* Exercise details *
Keep the images out while you retype all of the data exactly.

** Collected data follows **

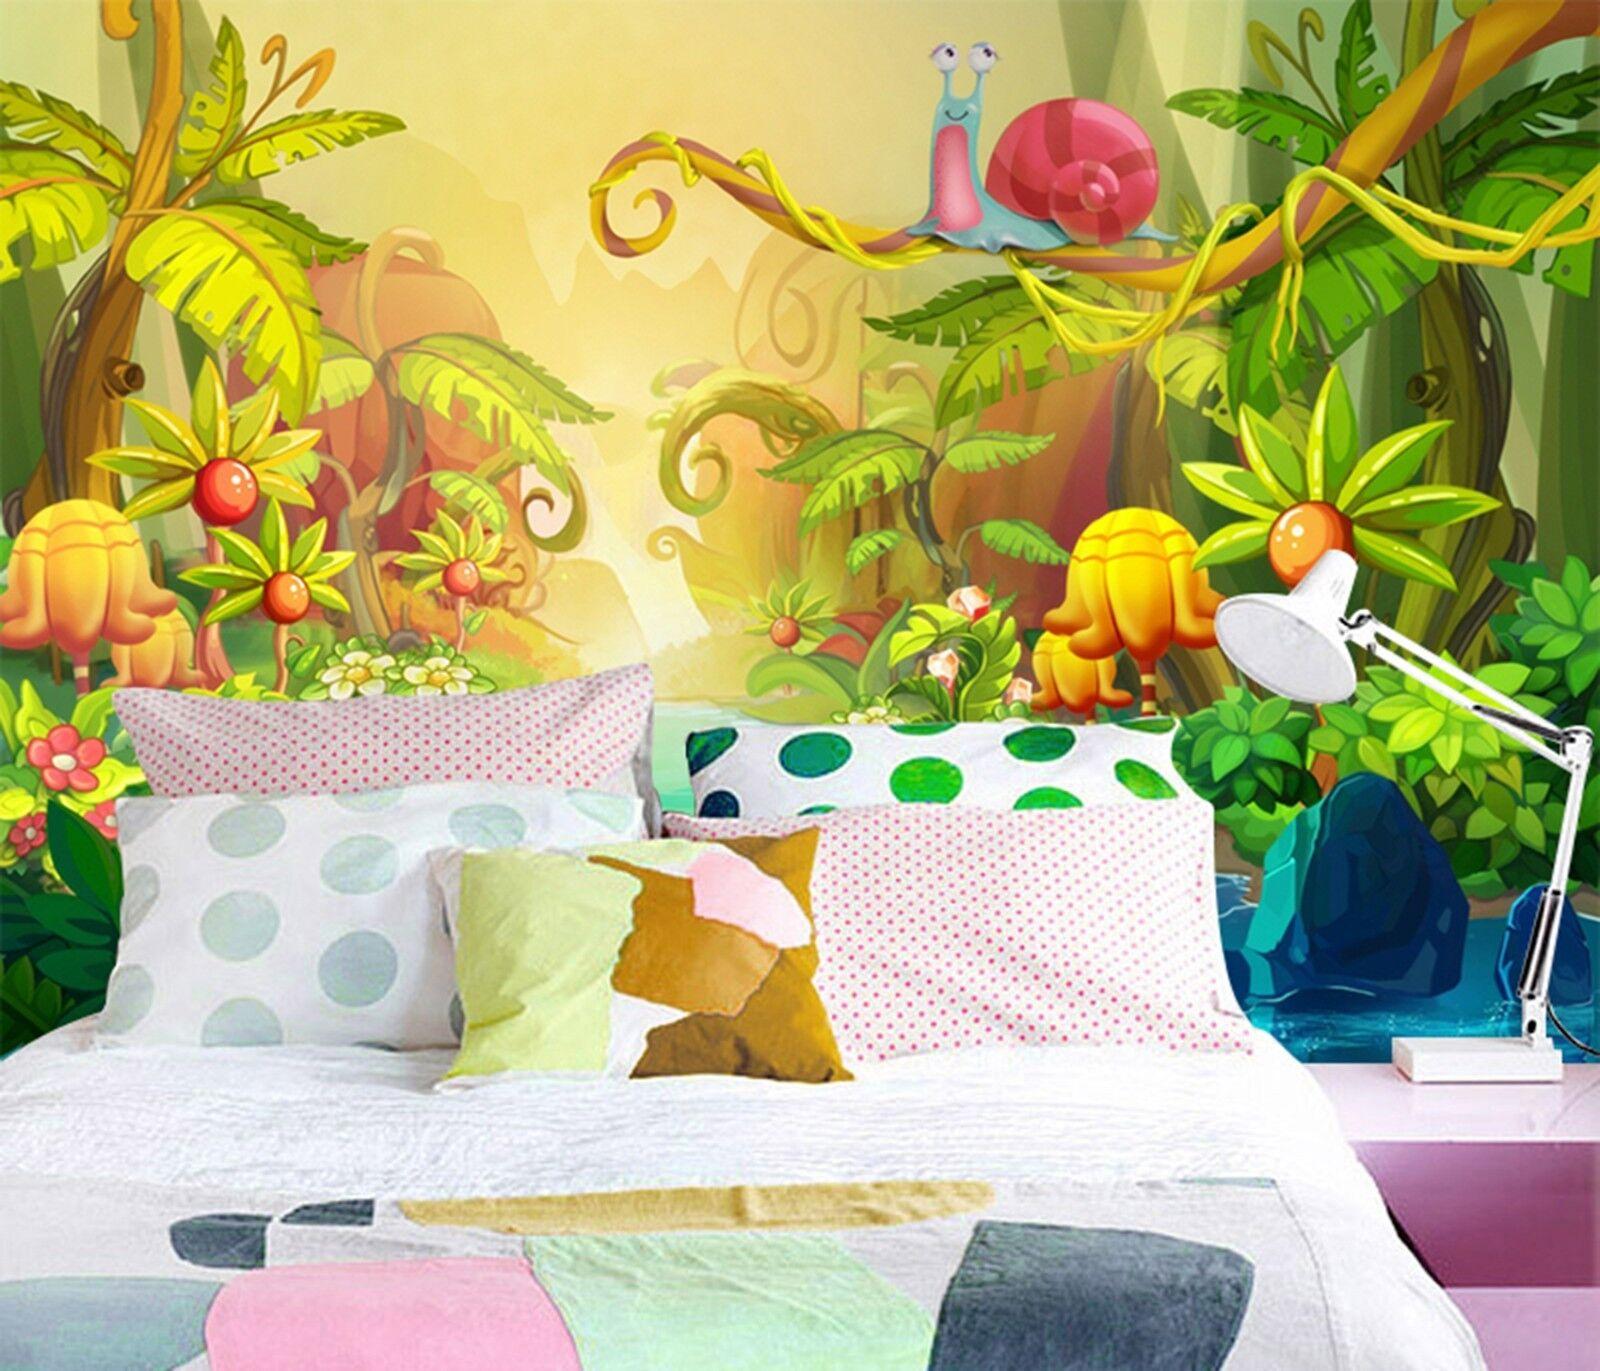 3D Karikatur Karikatur Karikatur Dschungel Kind 988 Tapete Wandgemälde Tapeten Bild Familie DE Lemon | Fairer Preis  | Online-verkauf  | Wir haben von unseren Kunden Lob erhalten.  185909
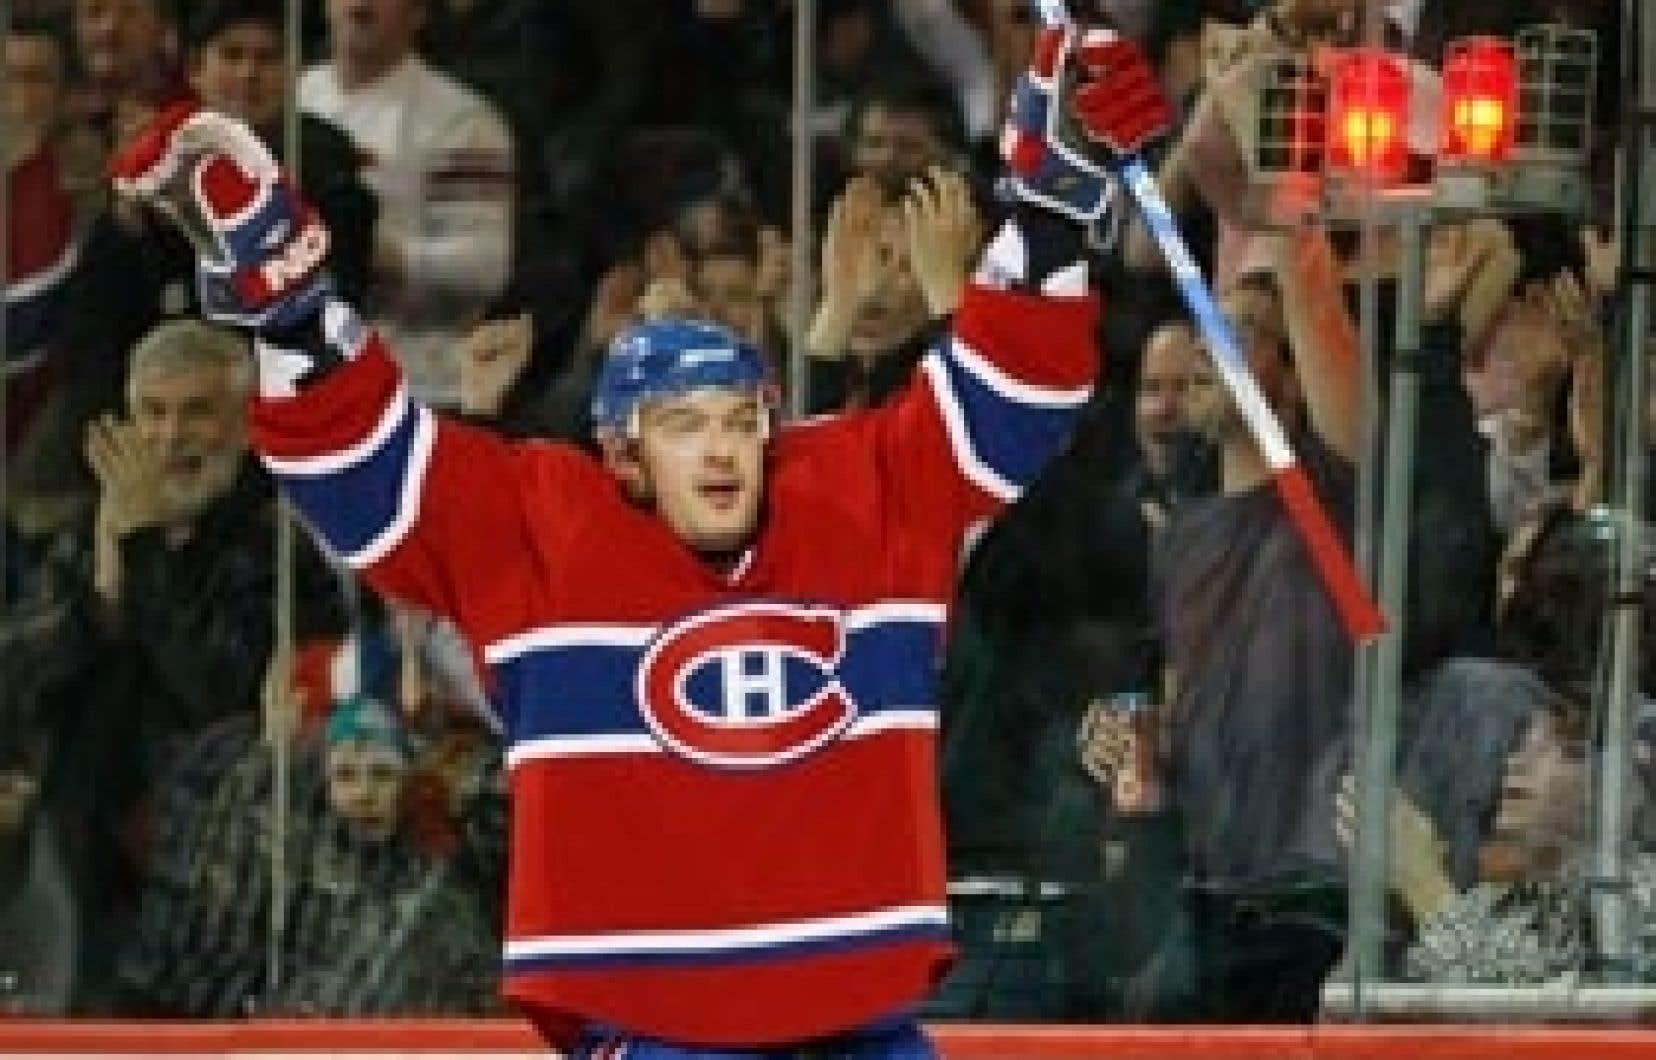 Andrei Markov sera sans doute absent pour le début de la série entre le Canadien et les Bruins, jeudi. Hier, Bob Gainey a toutefois laissé planer un doute sur un éventuel retour au jeu de son défenseur étoile.
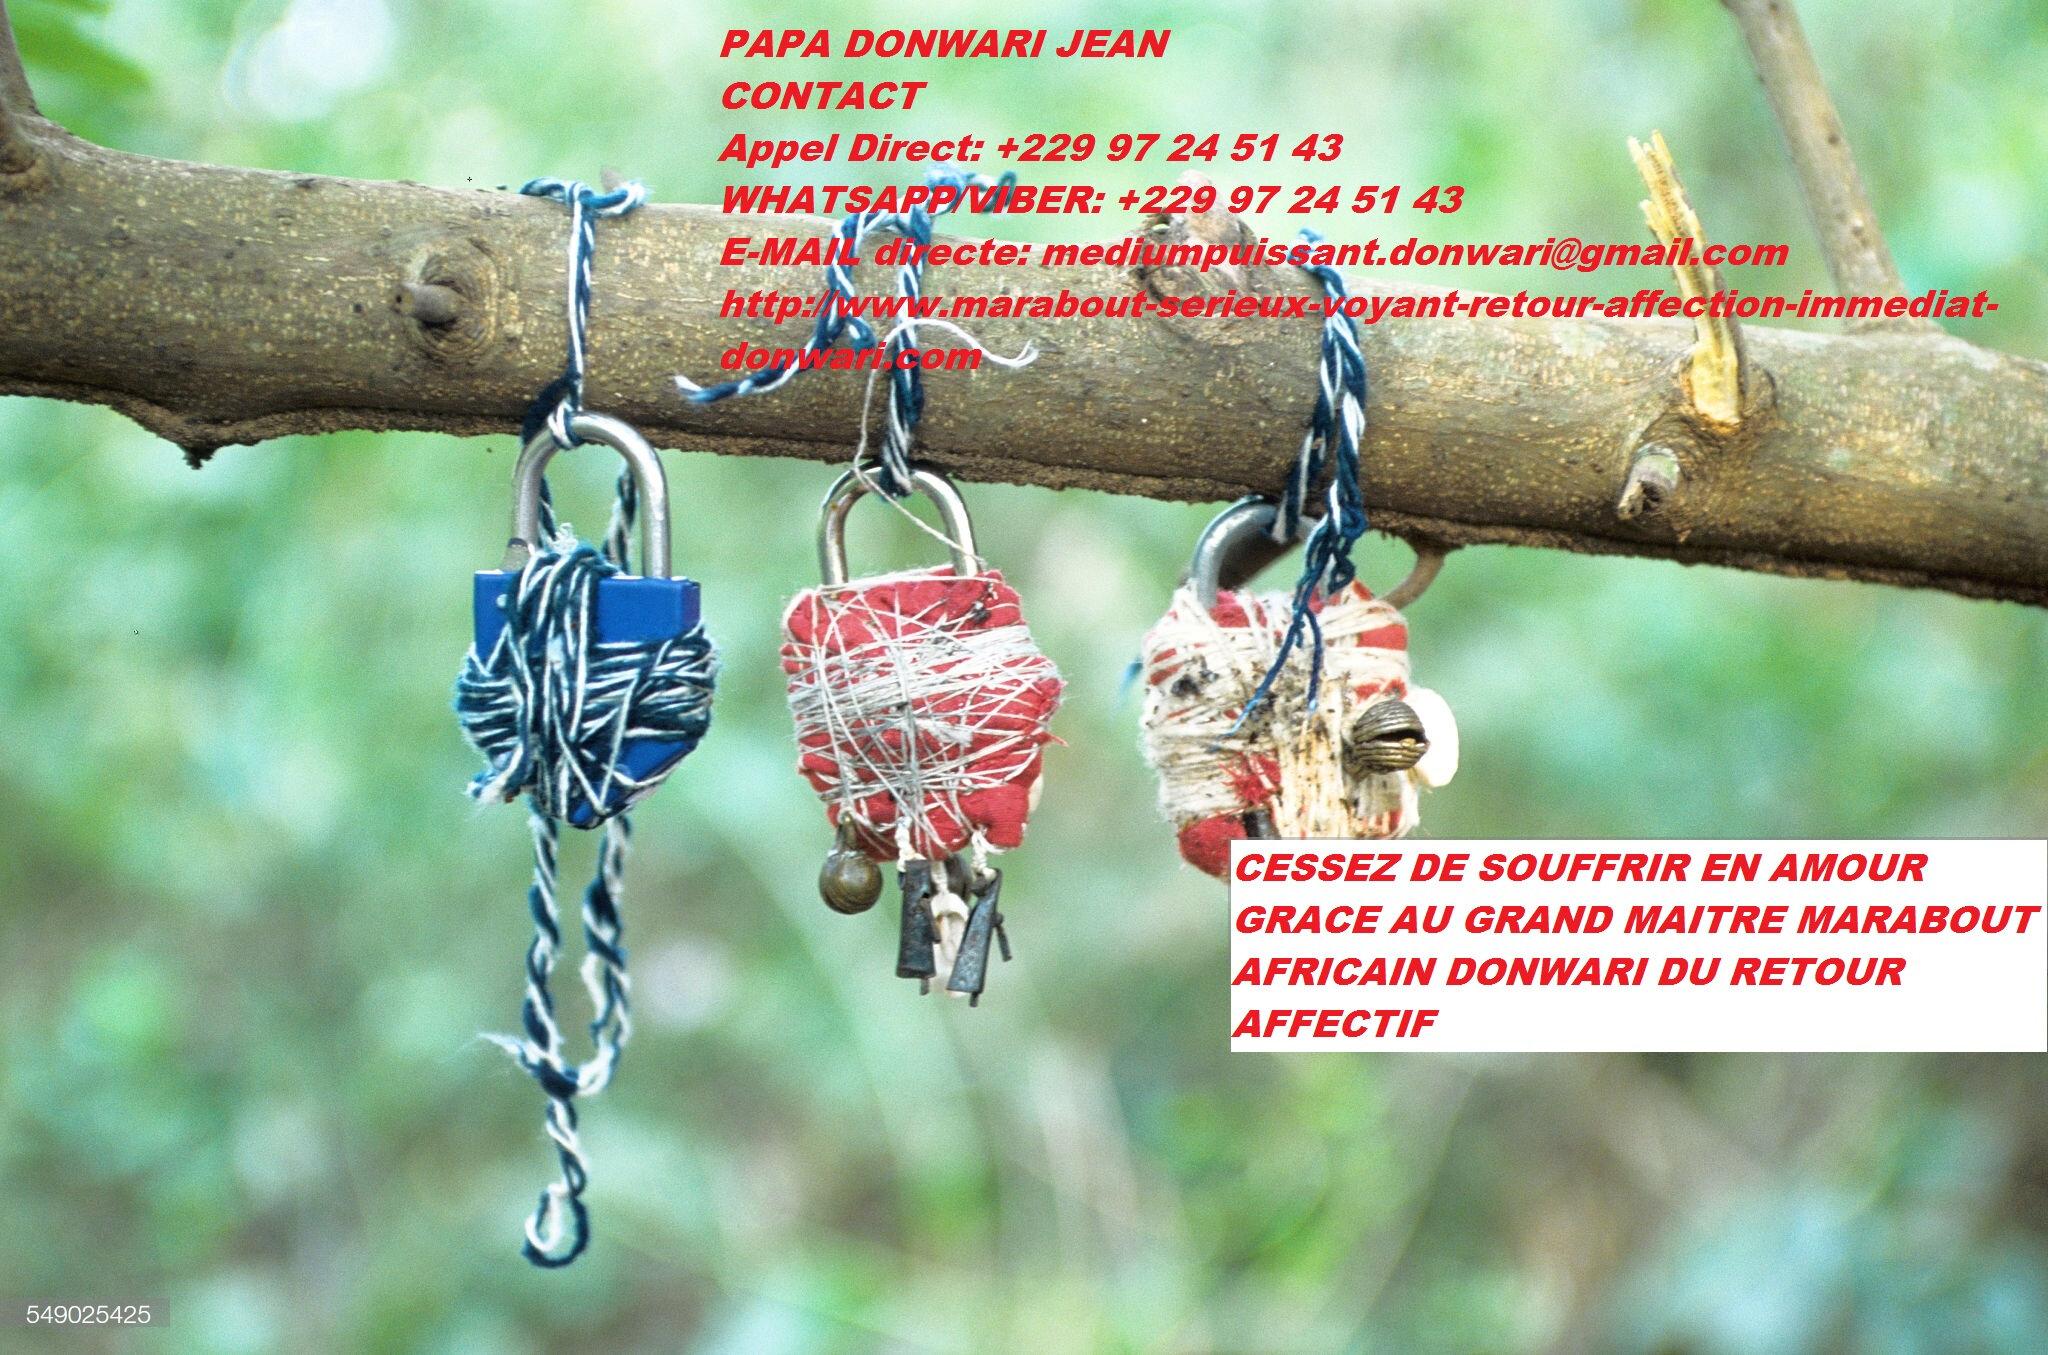 CESSEZ DE SOUFFRIR EN AMOUR GRACE AU GRAND MAÎTRE MARABOUT AFRICAIN DONWARI DU RETOUR AFFECTIF

** End of Collected data **

* Answer space *
 3D Karikatur Karikatur Karikatur Dschungel Kind 988 Tapete Wandgemälde Tapeten Bild Familie DE Lemon | Fairer Preis  | Online-verkauf  | Wir haben von unseren Kunden Lob erhalten.  185909
 Andrei Markov sera sans doute absent pour le début de la série entre le Canadien et les Bruins, jeudi. Hier, Bob Gainey a toutefois laissé planer un doute sur un éventuel retour au jeu de son défenseur étoile.
 CESSEZ DE SOUFFRIR EN AMOUR GRACE AU GRAND MAÎTRE MARABOUT AFRICAIN DONWARI DU RETOUR AFFECTIF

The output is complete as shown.